◆ DESCRIPTION OF THE TASK ◆
Skip the pictures. Give all the data again exactly.

═══ RECORDED DATA

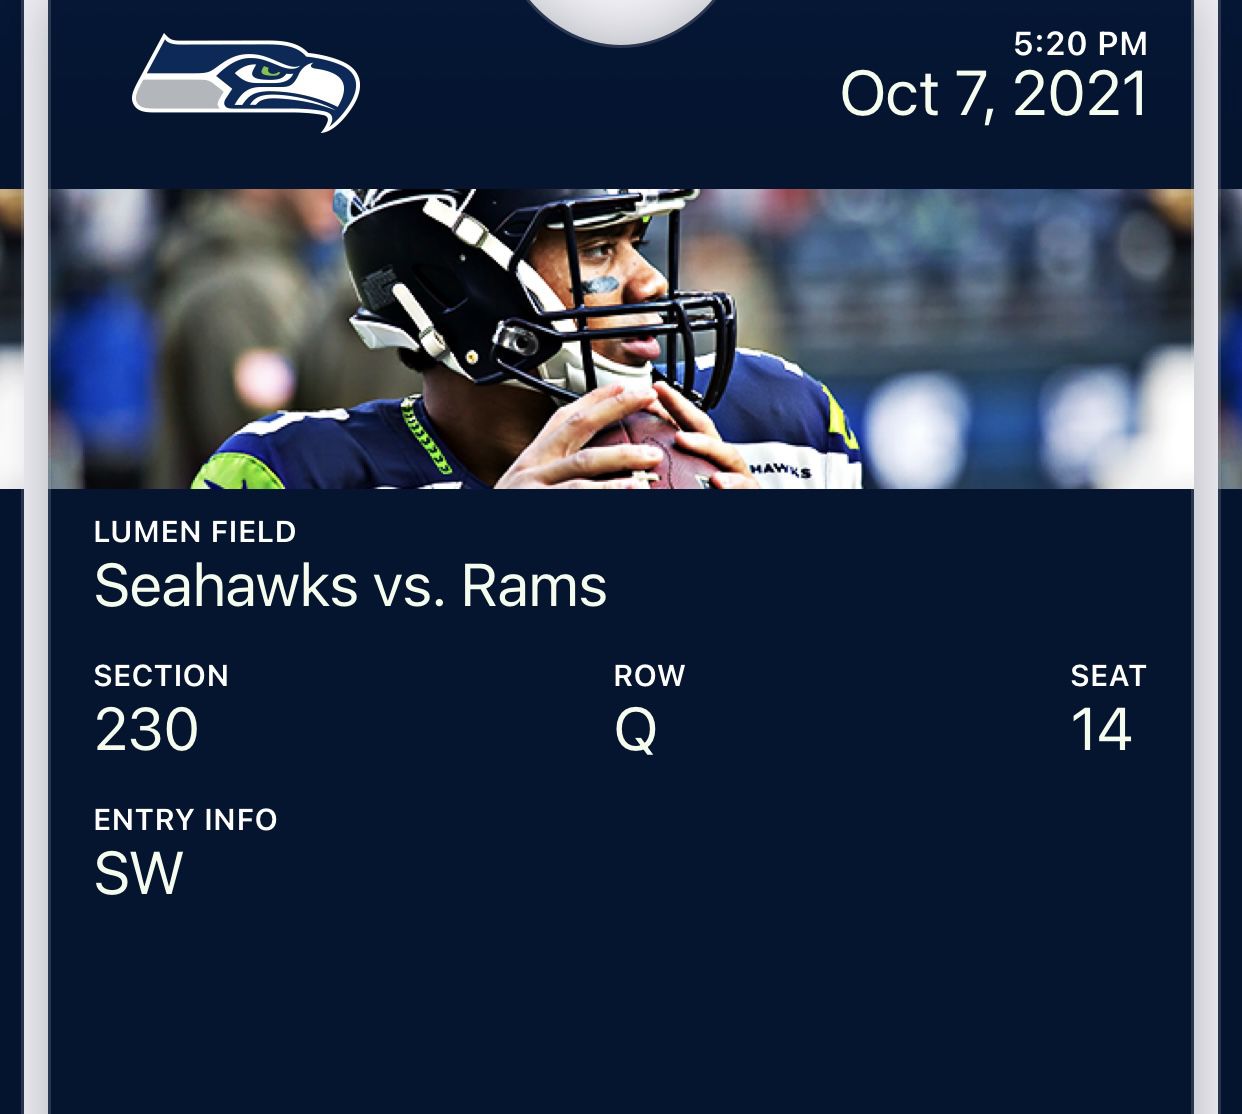 Seahawks Vs Rams Ticket- Lower 200 Level Undercover - 1x Great
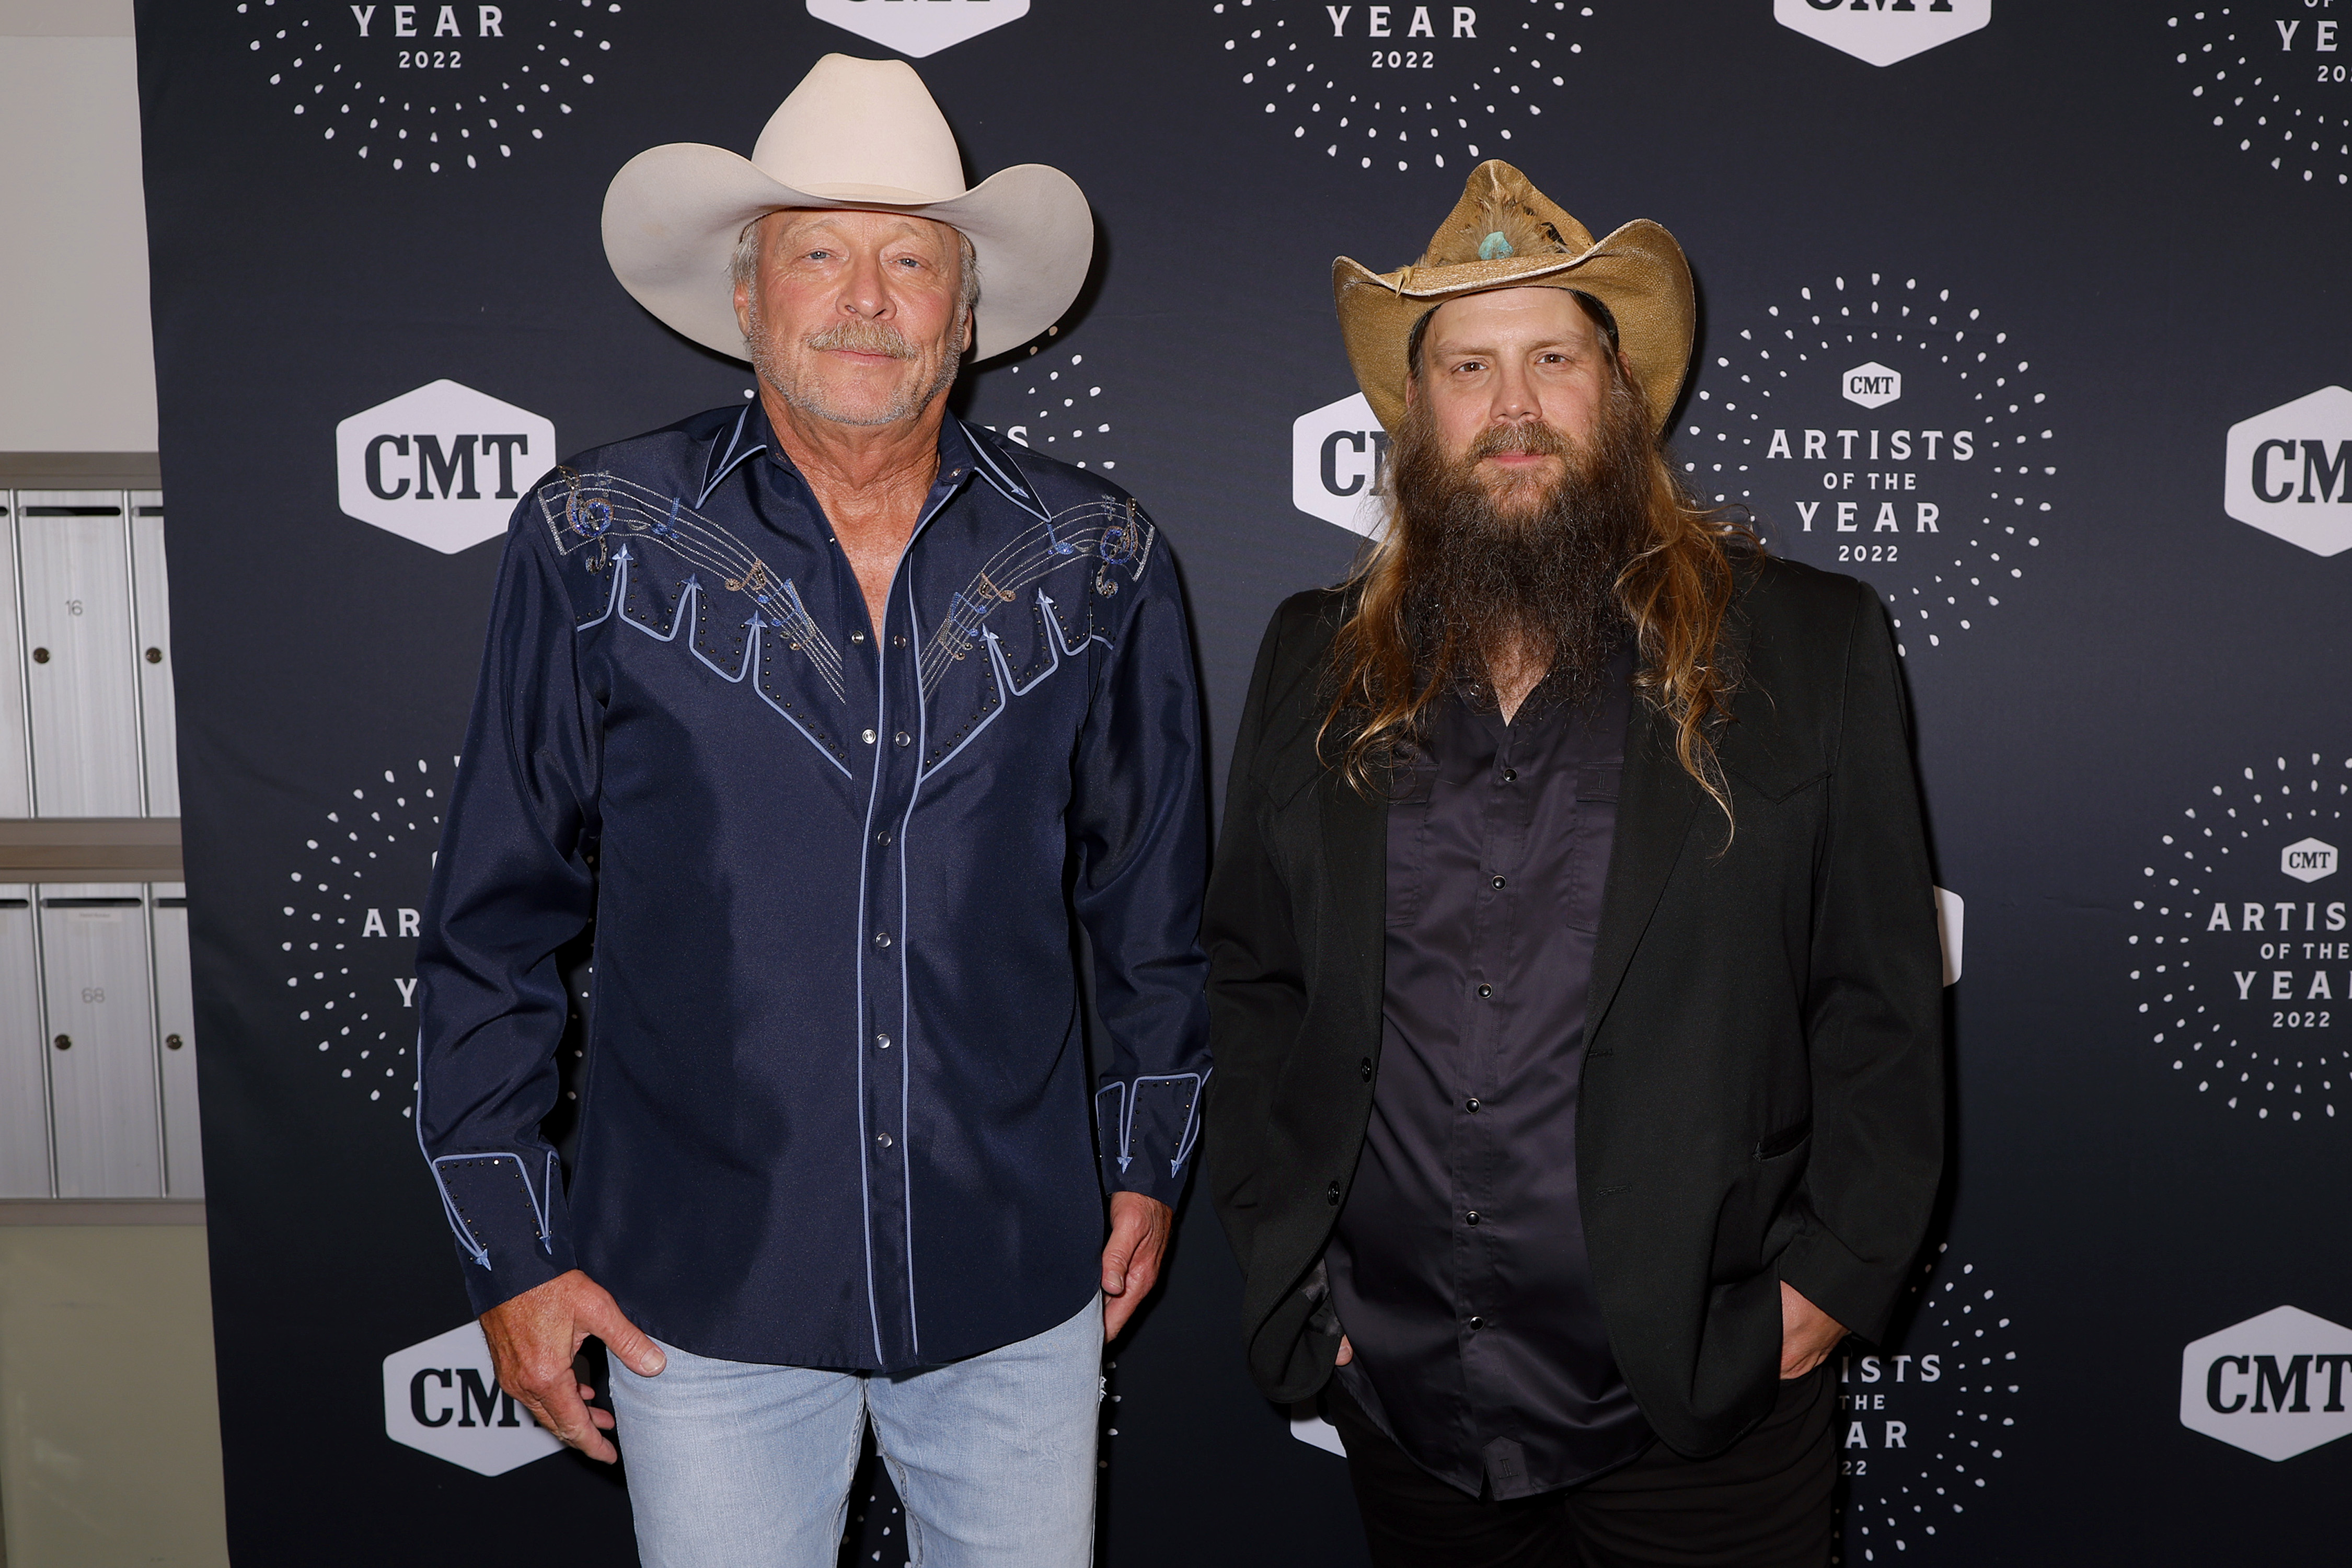 Alan Jackson and Chris Stapleton during the 2022 CMT Artists of the Year on October 12, 2022 in Nashville, Tennessee | Source: Getty Images
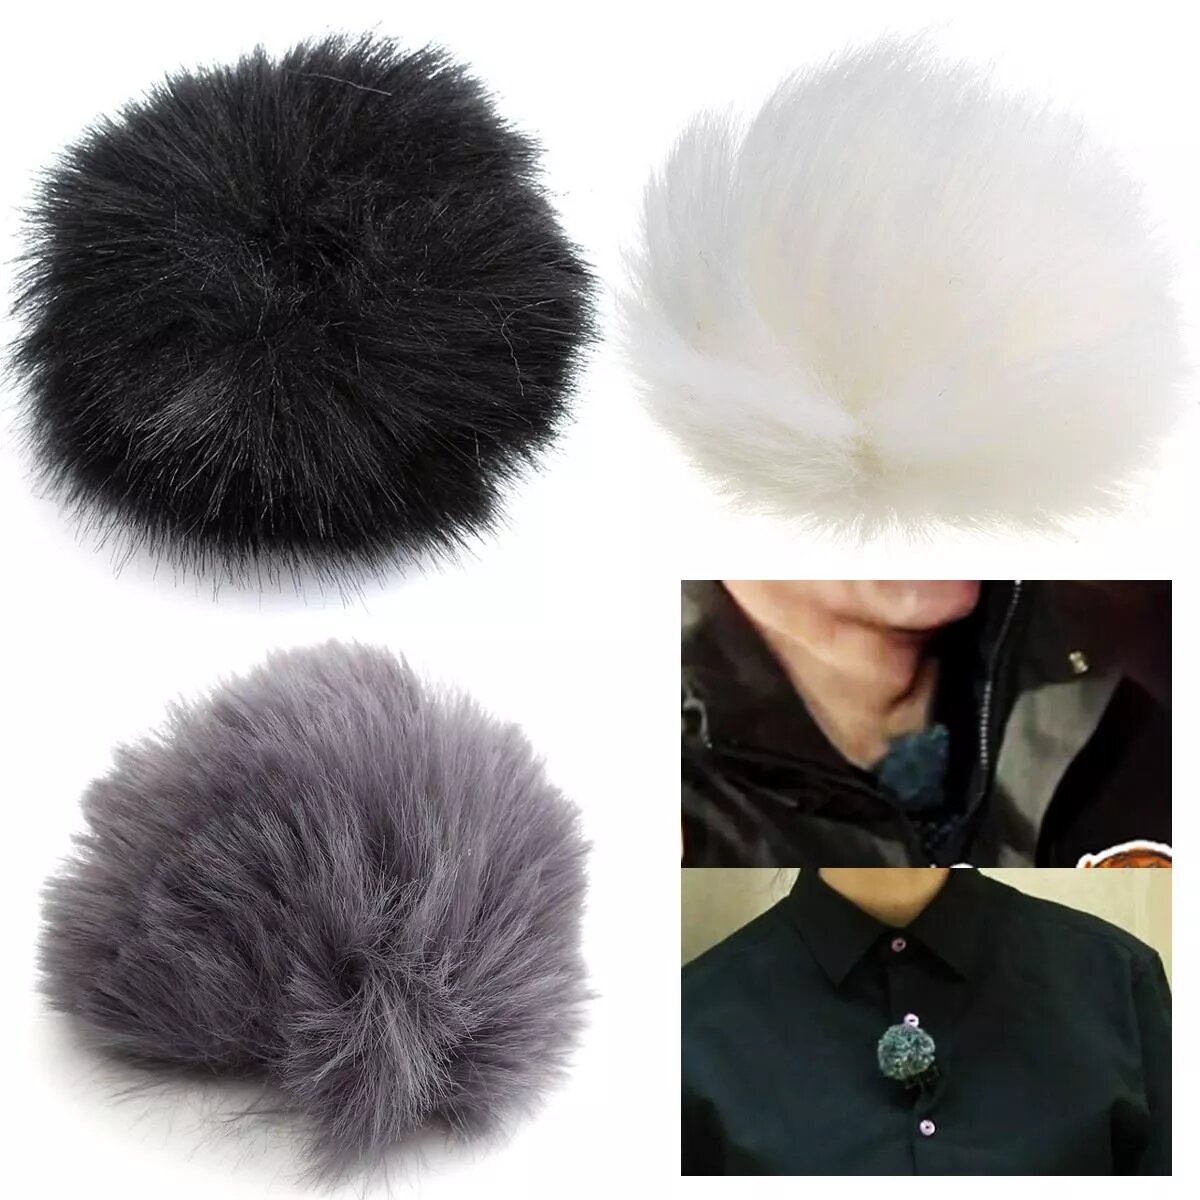 

Bakeey Lapel Lavalier Microphone Furry Windscreen Windshield Wind Muff Soft Comfortable for Lapel Lavalier Microphones M

══════

◆ SOLUTION ◆
 Seahawks Vs Rams Ticket- Lower 200 Level Undercover - 1x Great
 Alan Jackson and Chris Stapleton during the 2022 CMT Artists of the Year on October 12, 2022 in Nashville, Tennessee | Source: Getty Images

Bakeey Lapel Lavalier Microphone Furry Windscreen Windshield Wind Muff Soft Comfortable for Lapel Lavalier Microphones M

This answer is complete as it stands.